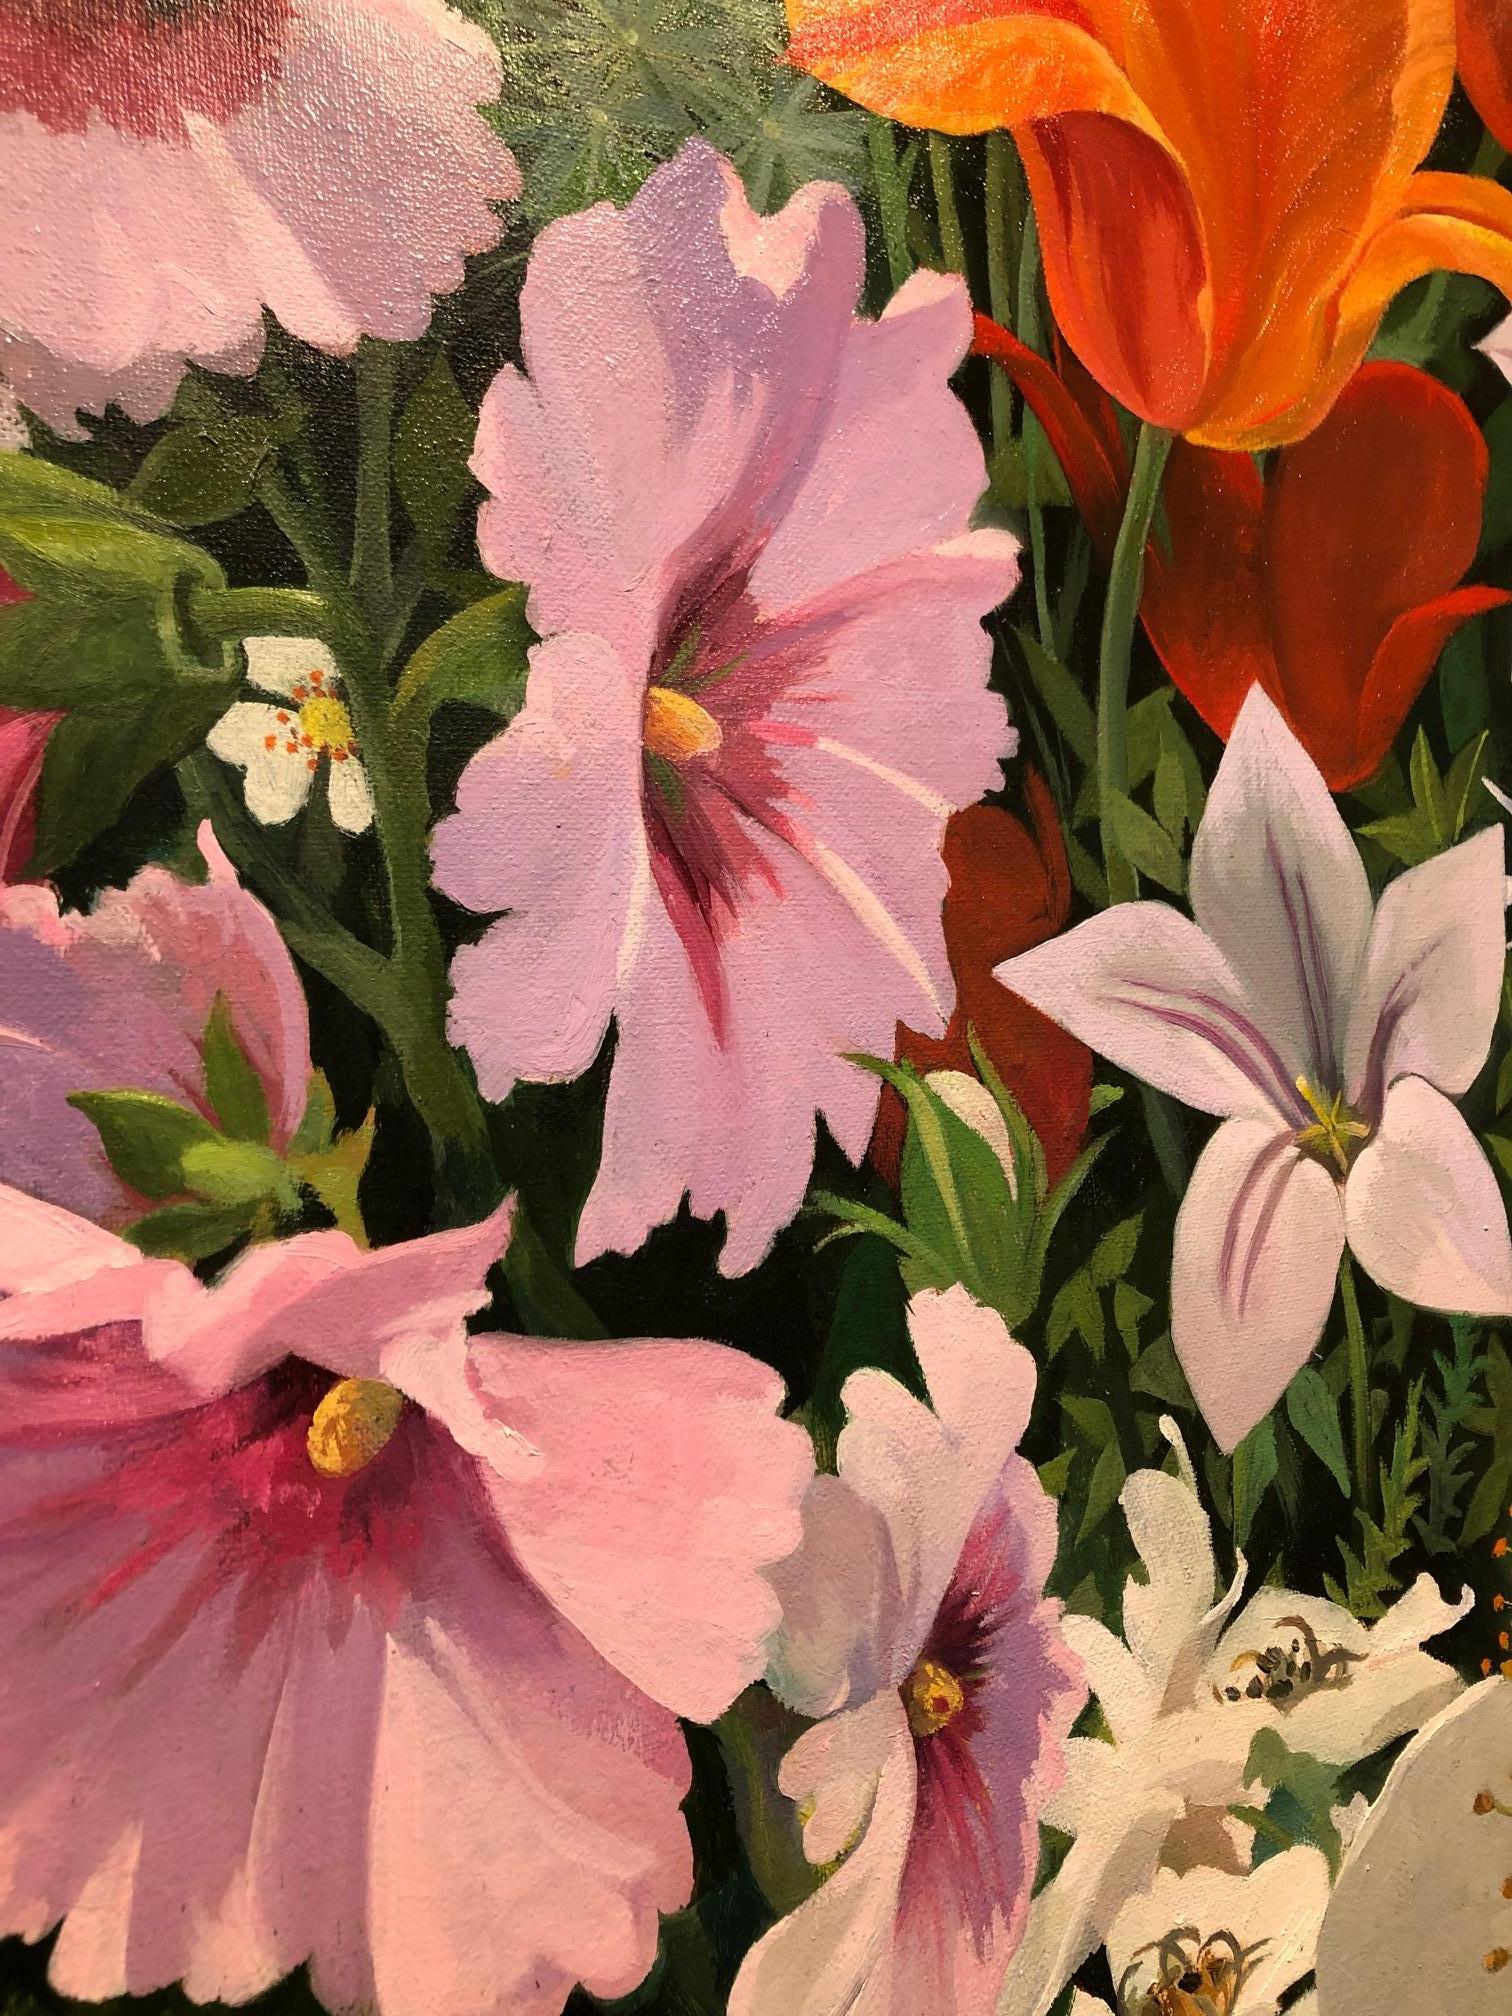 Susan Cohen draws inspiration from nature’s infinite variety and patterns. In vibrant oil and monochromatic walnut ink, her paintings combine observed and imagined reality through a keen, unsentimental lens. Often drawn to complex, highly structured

==

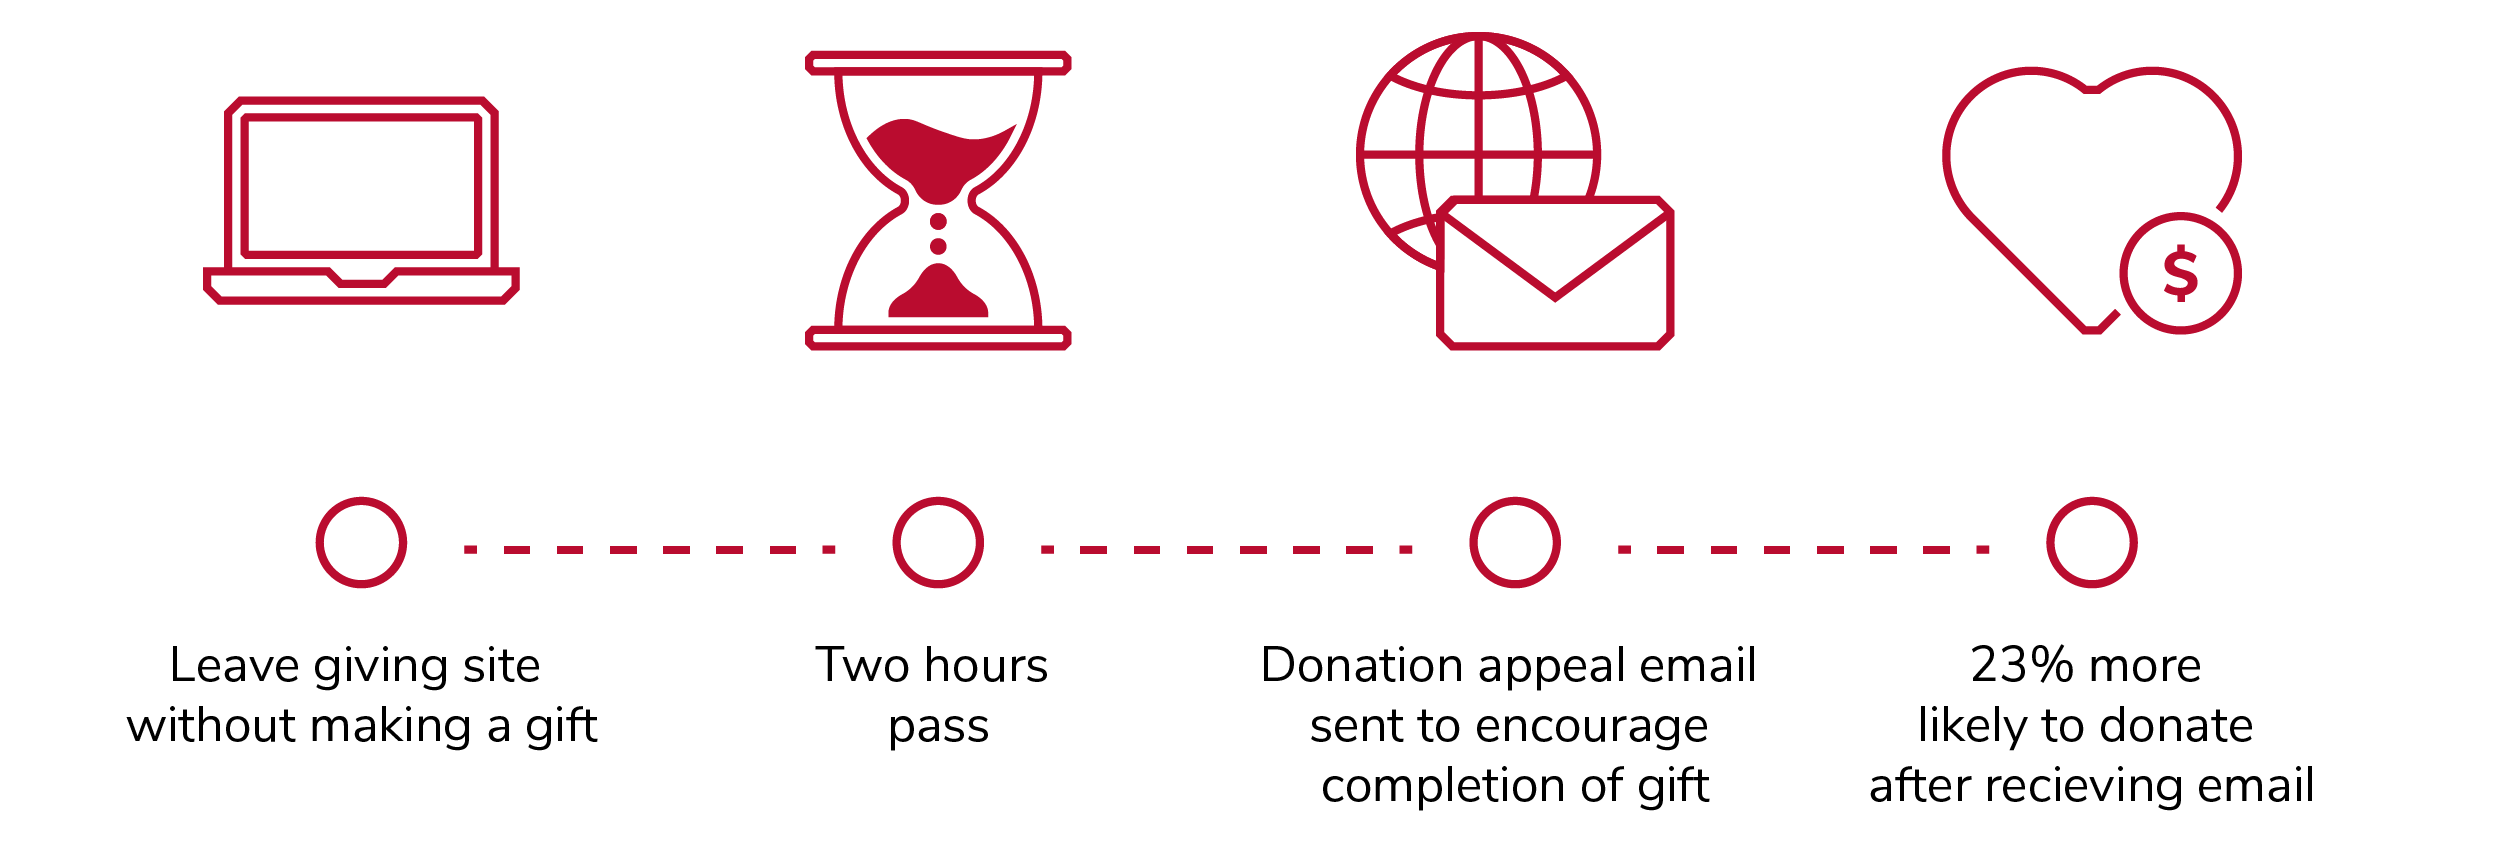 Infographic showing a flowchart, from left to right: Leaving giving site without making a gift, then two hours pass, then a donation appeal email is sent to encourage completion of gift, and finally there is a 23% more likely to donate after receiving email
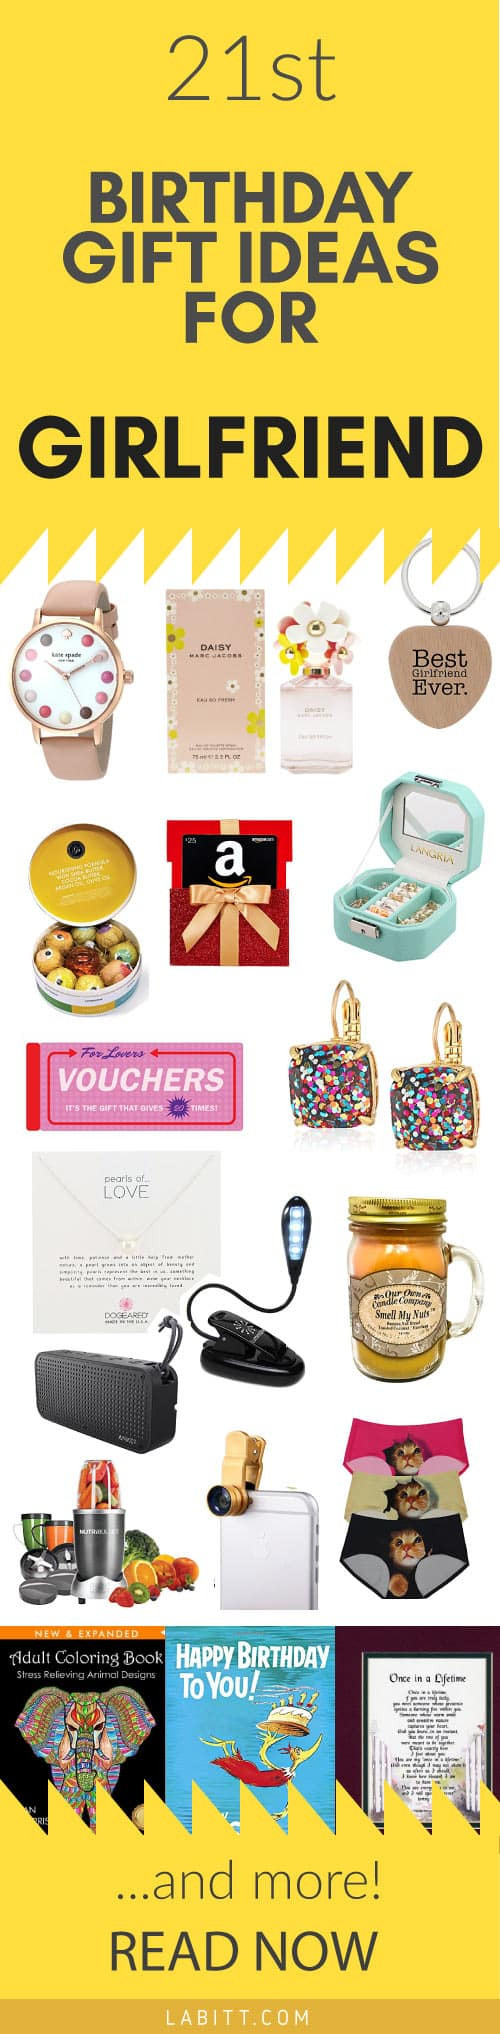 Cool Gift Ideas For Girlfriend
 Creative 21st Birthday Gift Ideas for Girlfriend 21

* * *

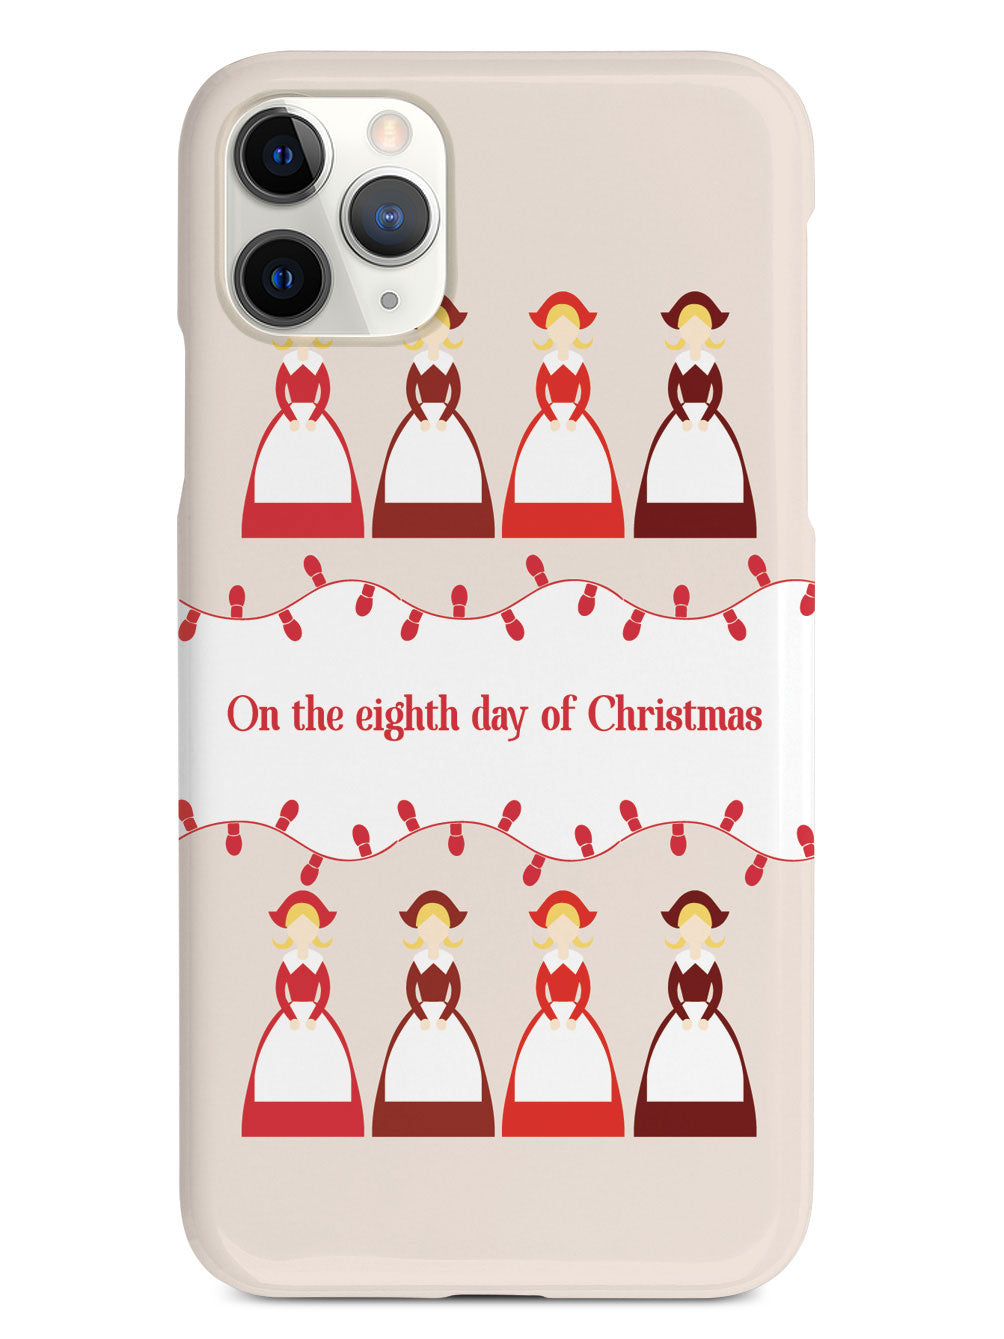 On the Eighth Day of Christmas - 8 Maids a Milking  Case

## Requirement
Once the line with "Cool Gift Ideas For Girlfriend" is found above, transcribe each line from it through the line with "Creative 21st Birthday", exactly, and omit the pictures.

## Response to the task
 Cool Gift Ideas For Girlfriend
 Creative 21st Birthday Gift Ideas for Girlfriend 21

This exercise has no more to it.